Although divorce can be an emotionally difficult time, there are always factors that can exacerbate it. Custody, savings, and property, to name a few, present common obstacles that have to be hurdled before a breath can be taken and healing begins. Business owners experience an added element that is often disheartening and financially debilitating.

What to do with your business when divorce has entered the picture is the question for which there is no easy answer. If you had a prenuptial agreement that outlined a ‘just-in-case’ scenario, you are definitely ahead of the game, albeit circumstances change and a spouse might eventually challenge you. On the other hand, having no prenuptial agreement most often leaves both spouses scratching their heads.

There are different circumstances that are present when a business becomes the centerpiece of a divorce. Some businesses are started by both spouses before or after the onset of the marriage. Some businesses were started by one spouse before the onset of the marriage, but the other spouse has since contributed to the business. It is also not uncommon for a business to have been started before the onset of the marriage by one spouse with the other spouse never contributing at all.

Despite what the particulars of a business are when going through divorce, the terms deciding how a business is going to be settled or divided seldom turn out the way business owners expect. There are many factors involved that determine the outcome of settling a business during a divorce. Thus, it is always helpful to have a basic understanding of how a business is affected by a divorce, who benefits, and who comes up short.

How Are Property and Assets Generally Divided in a Divorce?

To begin, it is important to understand that divorce decisions made by a court are fundamentally based on whether a state is a community property or common law state.

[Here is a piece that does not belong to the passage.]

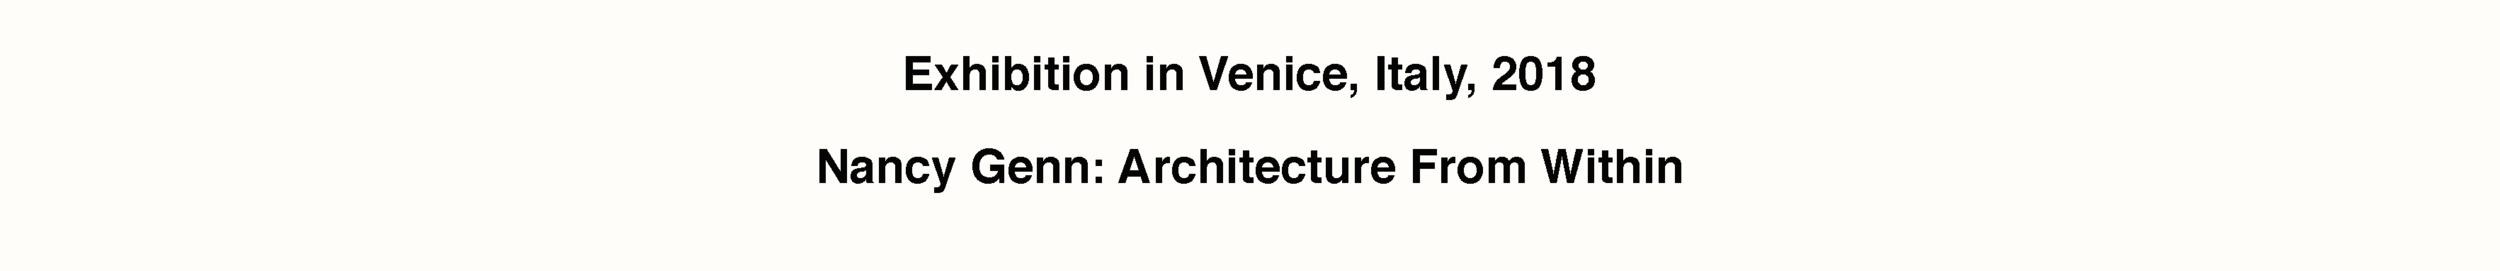 Venice exhibit.png

A community property state is where assets acquired from the onset of the marriage are community property, with each spouse owning half. This goes for income earned by either spouse. Anything acquired before the marriage is deemed separate and remains with the spouse who acquired it. A common law marriage state is simply where the assets belong to whoever acquired them. A couple can still agree, of course, on a 50/50 split of any or all assets.

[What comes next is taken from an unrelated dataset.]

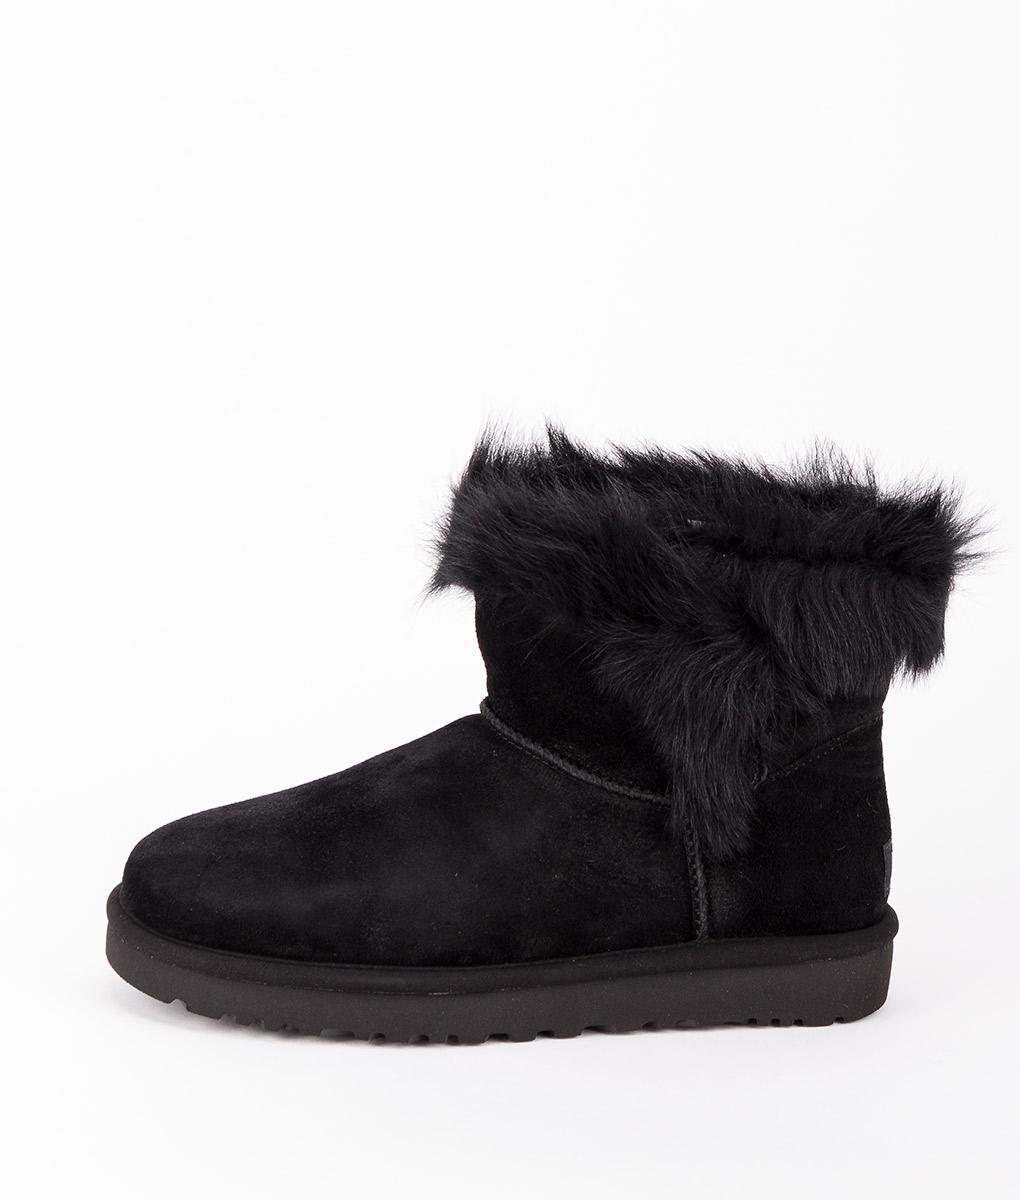 UGG Women Ankle Boots 1018303 MILA, Black 269.99

There are nine community property states, and Pennsylvania and New Jersey are not among them. Nevertheless, both Pennsylvania and New Jersey are equitable distribution states. Although the divorce laws between the two states vary, there are some common denominators. Both states decide on what is considered fair, and that is where things become confusing.

Although neither state is a community property state, both states assert that anything acquired during the marriage is marital property, unless, of course, the asset was acquired with money earned before the marriage. It is important to understand that an asset acquired during a marriage does not mean that it will be split equally, and that is where fairness comes into play via equity that is decided by the court.

How Is Your Business Divided in an Equal Distribution State?

Just as with any asset, if the business was started by one spouse before the marriage, it should remain the sole property of that spouse, but there are factors involved, as there always are. If your business has grown considerably during the marriage, your spouse may be entitled to a portion of the business or a cash settlement.

If a spouse has joined you in the running of the business since the onset of the marriage, or if a spouse has contributed ideas or schemes that have contributed to the growth of the business, that spouse may be entitled to a portion or a cash settlement. If the business is a partnership, remember that the business may not be split 50/50 but according to fairness, sometimes determined simply by needs.

Always bear in mind, of course, that if you are the sole owner of the business, and alimony or child support is in question, your salary from the business can easily be based on the company’s worth. In other words, if you have never raised your salary during the growth of the business, your alimony may be set according to the adjusted growth.

What Could You Do to Protect Your Business?

A prenuptial or postnuptial agreement is a safe way to protect your business. A prenuptial is an agreement that is made before the onset of a marriage, and a postnuptial is an agreement that is made after the onset of a marriage. Both are an agreement that will determine how the business is addressed heading into a divorce. The agreement can offer terms for how to value the business, how to divide its assets, or whether or not the business will be considered marital property at all.

If no formal agreement is made, there are still other ways to protect your business during a divorce. Make sure that you clearly define yourself as the sole proprietor of the business, and that you spell out that the business cannot be transferred if a divorce were to take place. A cash settlement in this case could be granted to the spouse, but your business will remain safely in your hands.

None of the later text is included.